He’d been on the first wave at Normandy,

he'd seen most of his friends shot to pieces,

and so the images stayed with him; he drank,

he beat his wife. That night she had a shotgun,

and what the Nazis couldn’t kill, she sure could.

 

Well, there was my second cousin,

she was married to some farmer

out in Iowa, happy, three healthy kids,

yet he blew them all away. The cousin

ran out the back, she had just about

got away when he caught up with her,

blew her to bits, then killed himself.

Guys get upset, stands to reason.

 

We didn’t really talk about it much.

Jack’s eldest son, Tim, was out in Iraq,

and he got himself blown to bits, too. Taking

the meaty fragments out of the sealed coffin,

Jack laid them reverently on the front lawn

and called in the neighbors. Barbecued

hamburgers, beer, fruit juice for the kids,

Stars and Stripes up on the flagpole.

 

Some party pooper called in the FBI;

they arrived in their big black SUVs,

their anoraks, their earplugs and shades.

Jack got himself arrested, they hauled

his ass into court, the media in total outrage.

They hit him up with some Federal Statute.
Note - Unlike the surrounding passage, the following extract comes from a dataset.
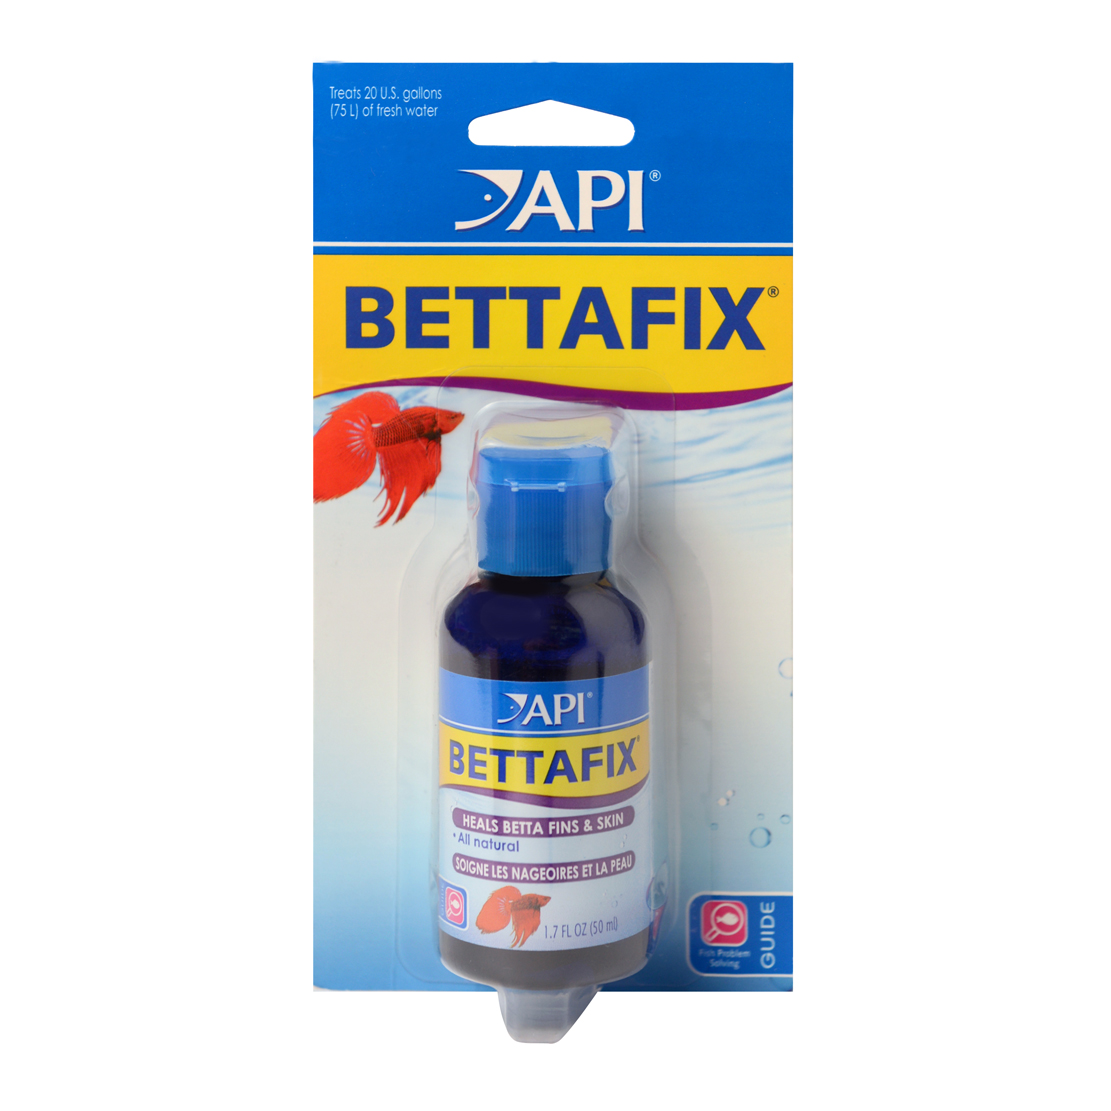 BETTAFIX™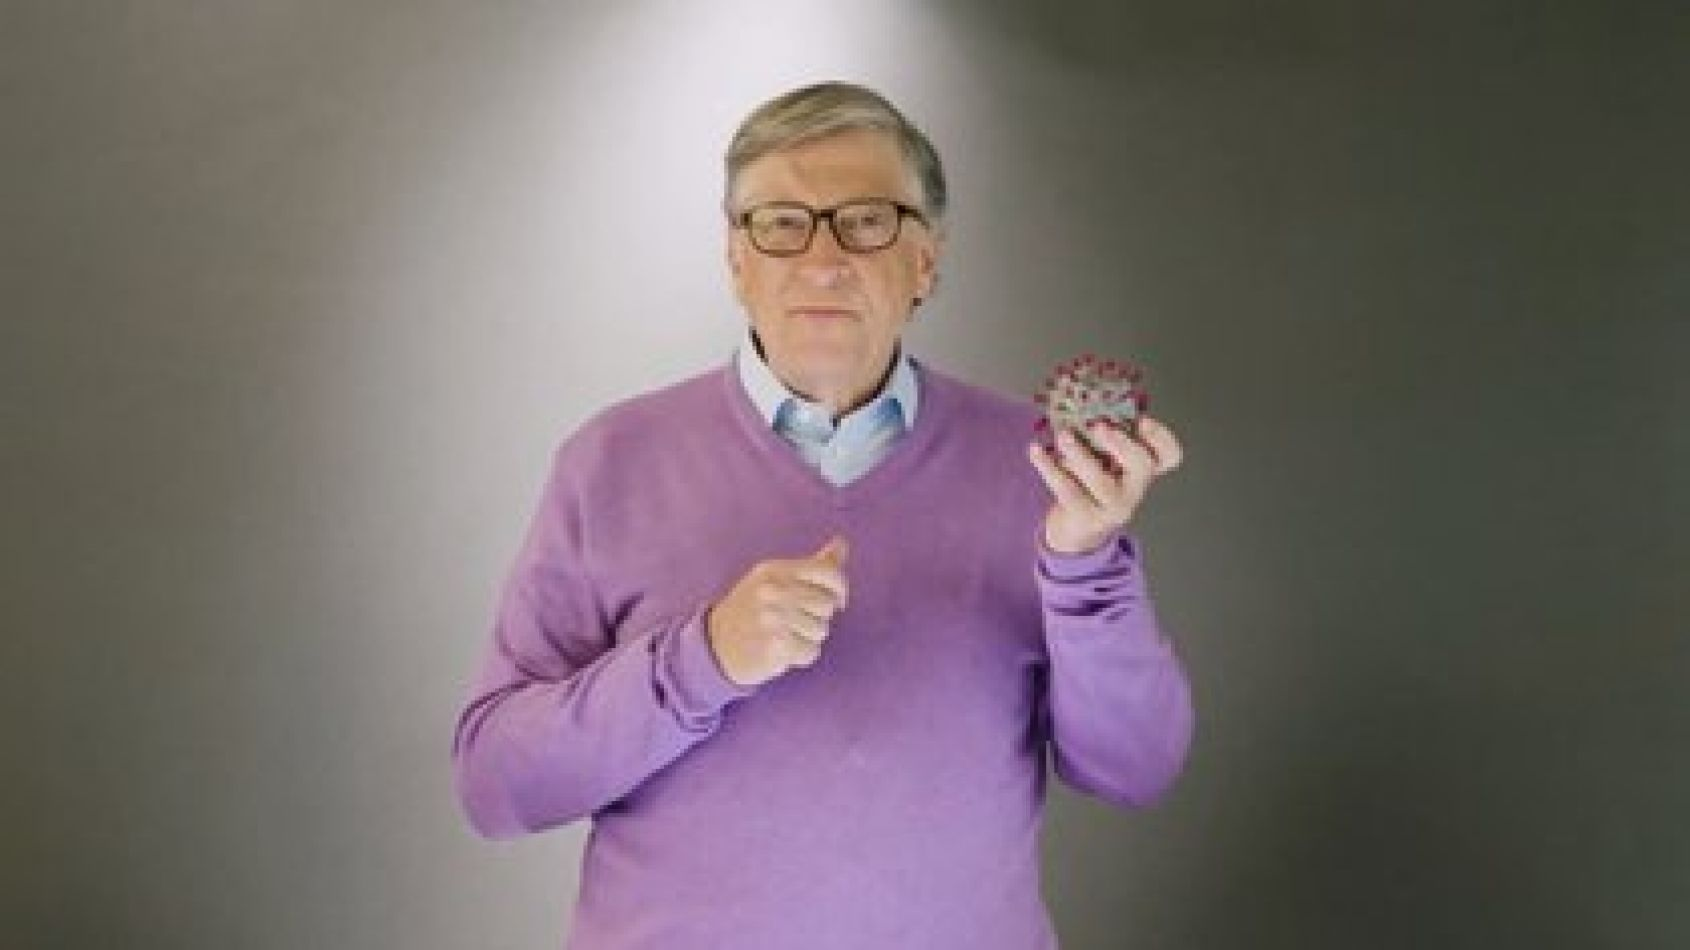 Bill Gates pronosticó cuál será la primera vacuna contra el COVID-19

Judge, he said, I let the government take my son,

I was showing my friends how they sent him back.

 

Don’t know what they’re doing, most of the time,

these governments; just beneath that silky veneer

of competence, they lie. Not just sometimes, always.

When Paddy stepped off that transport at Tan Son Nhut

the first thing that hit him was the heat like a wave,

and the next was that awful overpowering smell:

they were burning, literally burning shit in barrels,

and he thought, O Christ, what the fff have I done?

 

No vaunted Green Card can be worth this, nor was it,

since, having survived that Asian madness, Paud left

God’s Own Country to God, but only if She wanted it,

and to the tossed salad of humans who lived there.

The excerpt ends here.